Spécialiste de Giono, Genet et Robbe-Grillet à qui elle avait dédié son premier livre Mon grand écrivain en 2009, Emmanuelle Lambert revient sur ses années 1990 à l’IMEC et à la rencontre du « pape du Nouveau Roman » et de sa femme, Catherine. Un texte plein d’humour et d’autodérision qui en dit long sur une époque qui semble déjà lointaine…
Une jeune thésarde venue d’un milieu peu intellectuel « monte à Paris » et après sa thèse, trouve et de la matière pour sa recherche et un travail à l’Institut mémoires de l’édition contemporaine (IMEC) qui vient de se créer. Elle se retrouve en charge des archives du grand auteur du Nouveau Roman, Alain Robe-Grillet. Ainsi que d’une exposition. L’auteur des Gommes a quatre-vingt ans, un sens de l’humour intact et réside dans un château en Normandie. Il est plongé dans l’écriture d’un nouveau livre, tandis que sa femme, Catherine, est la gardienne du temple – et aussi l’organisatrice de très célèbres sessions de SM. La jeune intellectuelle provinciale un peu gourde slalome avec empathie et intelligence dans ce milieu ultra-sophistiqué et pervers… Sans jamais perdre le nord, son bon sens et, surtout, son goût de la littérature.
Avec rythme et entrain, Emmanuelle Lambert se met en scène en jeune femme gauche et intègre dans un univers un peu pervers et très paumé. Ce faisant, elle promène son miroir d’auteur le long du chemin de la sexualité et du rapport entre les sexes, dans un temps où le genre existait à peine et où les jeunes femmes comme elles pouvaient se faire dévorer et abuser… ou prendre le parti d’observer la comédie humaine se jouant devant elles et esquiver les abus de pouvoir avec le sourire. Une position injuste et dépassée, même quand on a la chance d’éviter les drames, plaide la jeune femme devenue auteure elle-même. Maintenant que les femmes se sont mises à « l’ouvrir », tout a changé, surtout l’impunité. Reste la littérature, la vraie, et le statut d’écrivain qui pourrait bien se passer d’un dernier livre malgré la licence littéraire, si celui-ci n’est que fantasme patriarcal et lourd de petits filles violées dont retrouve les chaussures bleues de pantin au bord du chemin.

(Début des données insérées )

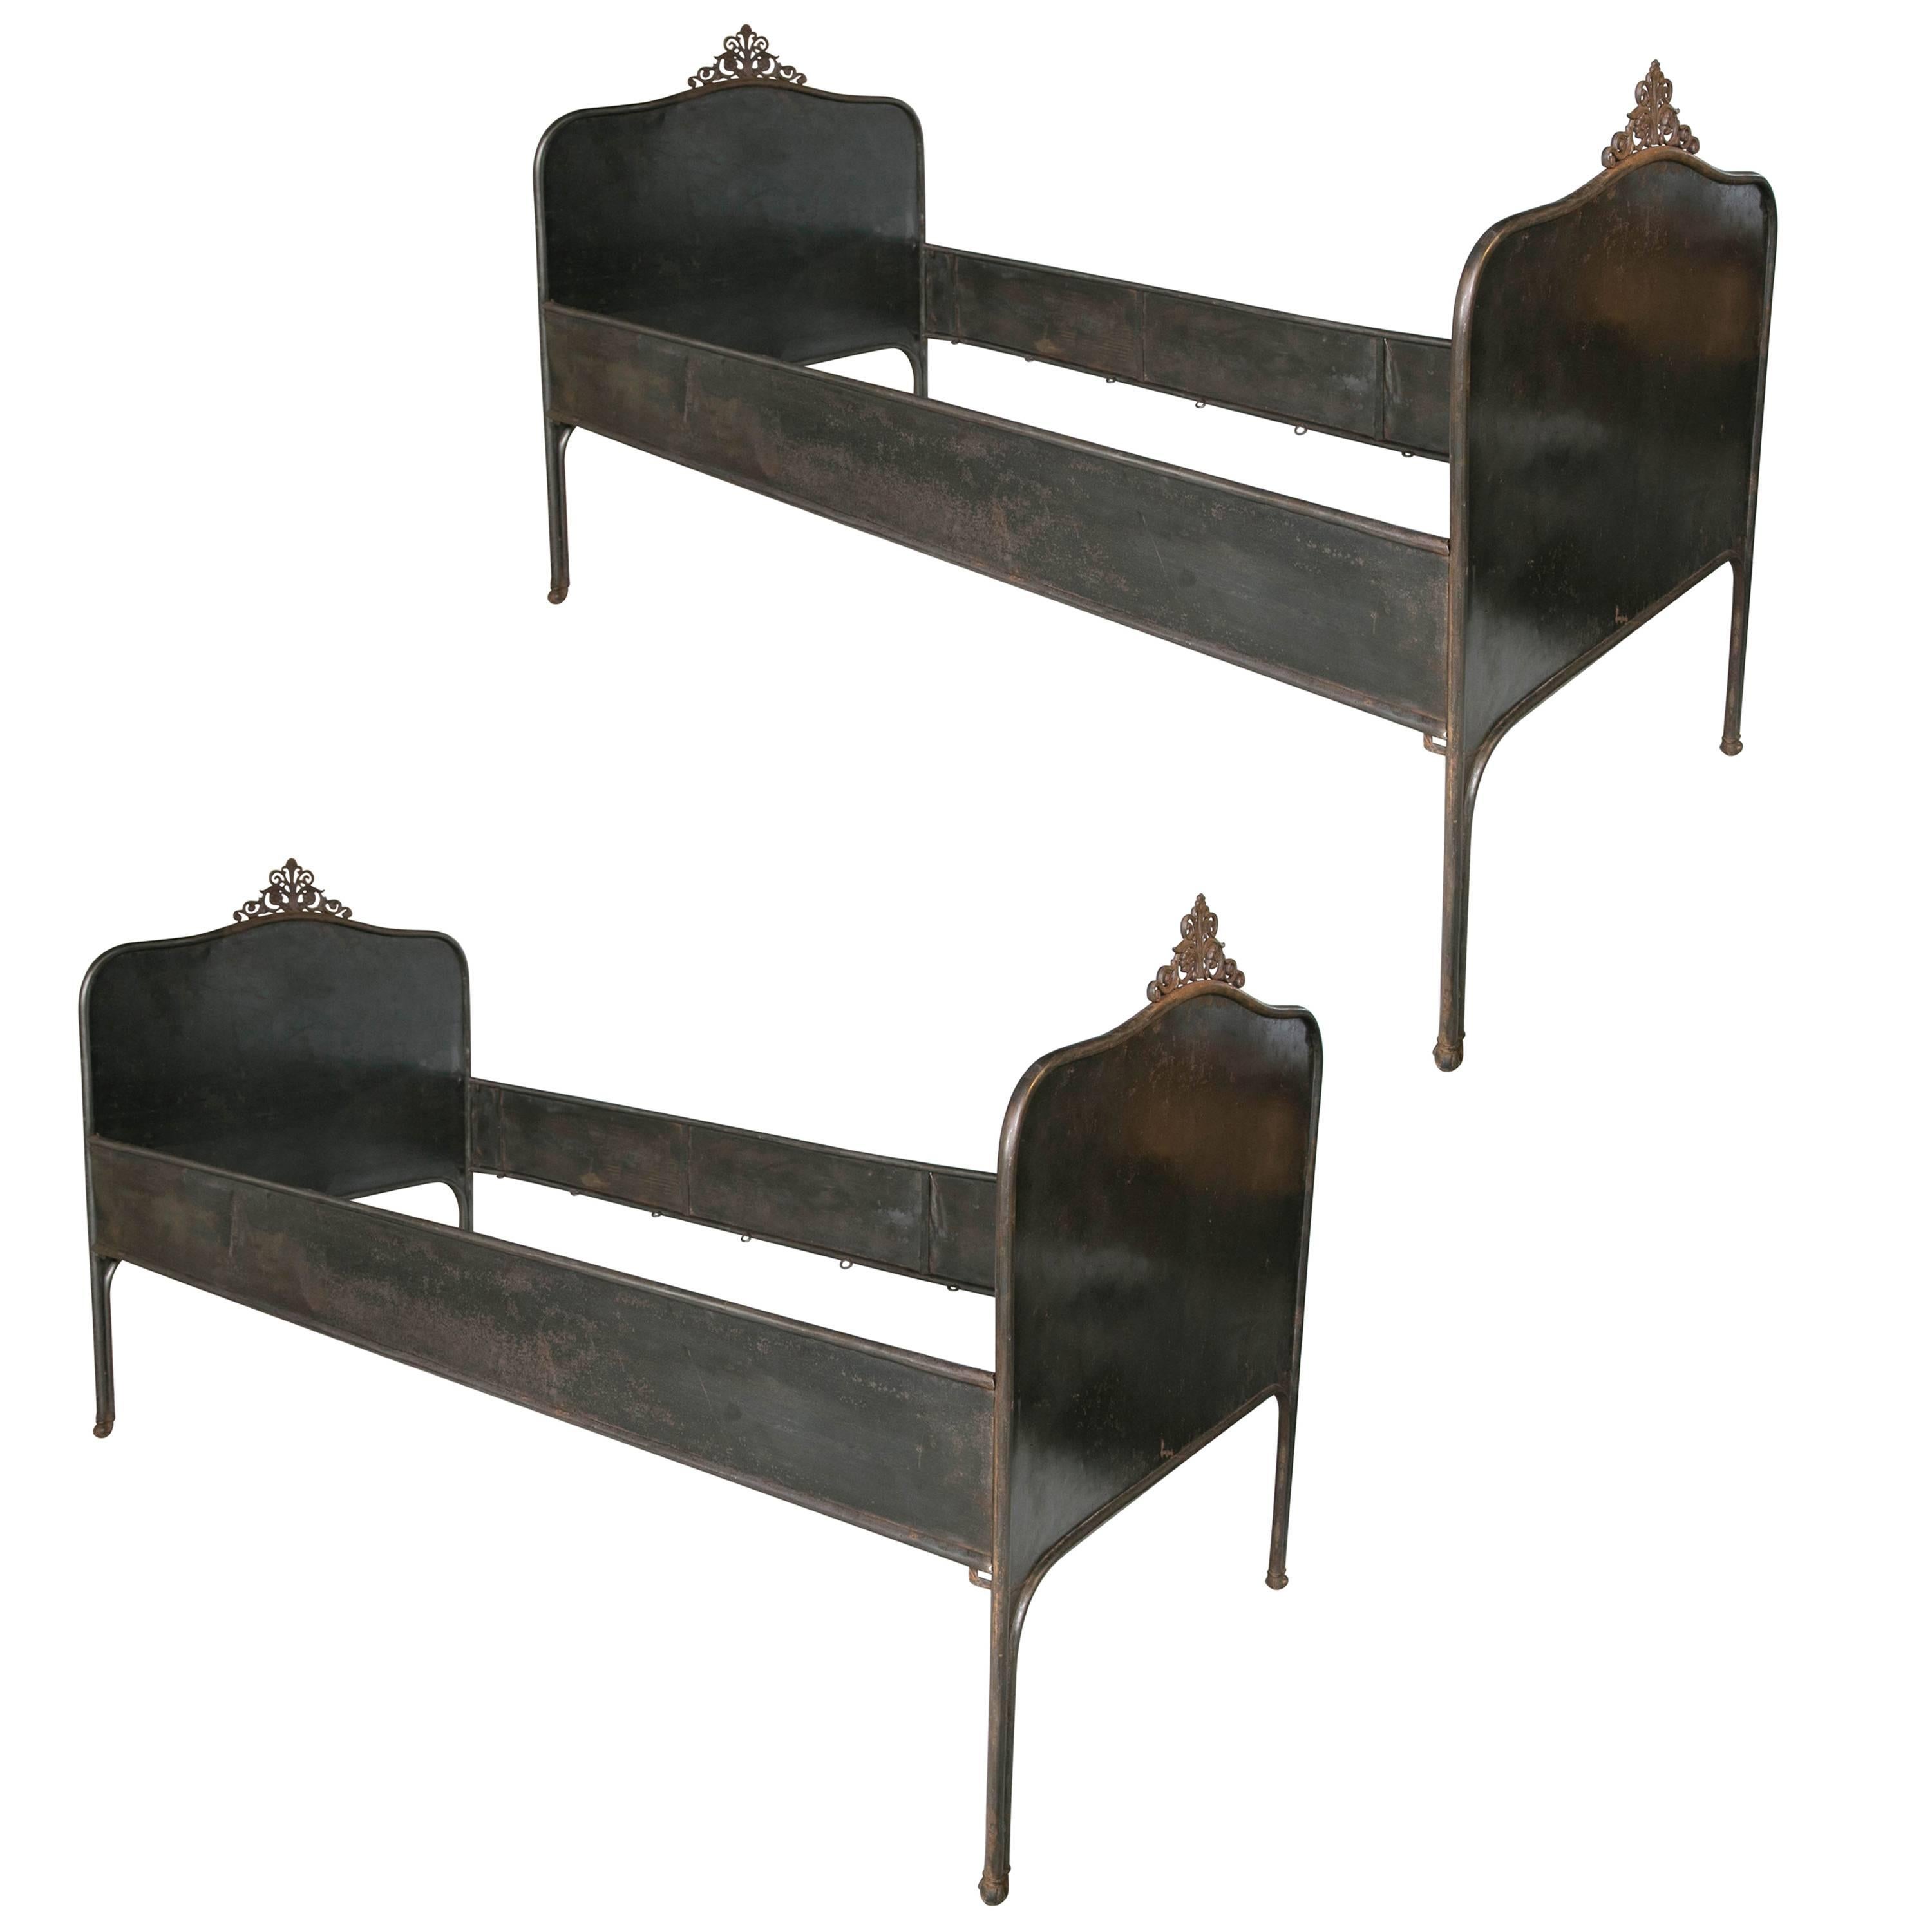 Pair of French Iron Bedsteads

Angélique s’est mise à parler et une nouvelle page s’est ouverte.
« ‘On ne peut rien dire’ est une phrase qu’on dit beaucoup depuis que les femmes ont commencé à l’ouvrir. Non à parler en tête à tête, en petit comité, en réunion dans des endroits autorisés, à s’épuiser à parler quand personne, au fond, ne voulait entendre, non. Non à parler, mais à l’ouvrir, au beau milieu des années 2010, en nombre, par ricochets ou par répliques sismiques de mots carambolés sur les réseaux sociaux. ce patchwork a couvert l’espace public, donnant corps à une abstraction, la récurrence incalculable, débordante, des violences sexuelles. Une évidence est alors apparue. Il y avait autant d’abus pour une raison simple, qui était qu’on pouvait les commettre. Qu’on y était autorisé, légitime, sinon encouragé. C’est un système courant sur plusieurs générations, sur plusieurs continents. Les premières victimes sont les femmes. Avec elles, les enfants, victimes d’une pédocriminalité qui prend souvent, dans des proportions vertigineuses, la forme de l’inceste. Lorsqu’on dit qu’on ne peut plus rien dire, peut-être croit-on sincèrement que cet accès nouveau à une parole qu’on ne peut plus ignorer, cette déchirure au cœur du silence, se sont faits sur le dos de la liberté d’expression. Qu’on ne peut plus rien dire parce que d’autres parlent. Comme s’il y avait un quota de parole publique disponible » p. 140.
Emmanuelle Lambert, Aucun respect, Stock, 2024, 225 p., sortie le 21/08/2024, 20 euros.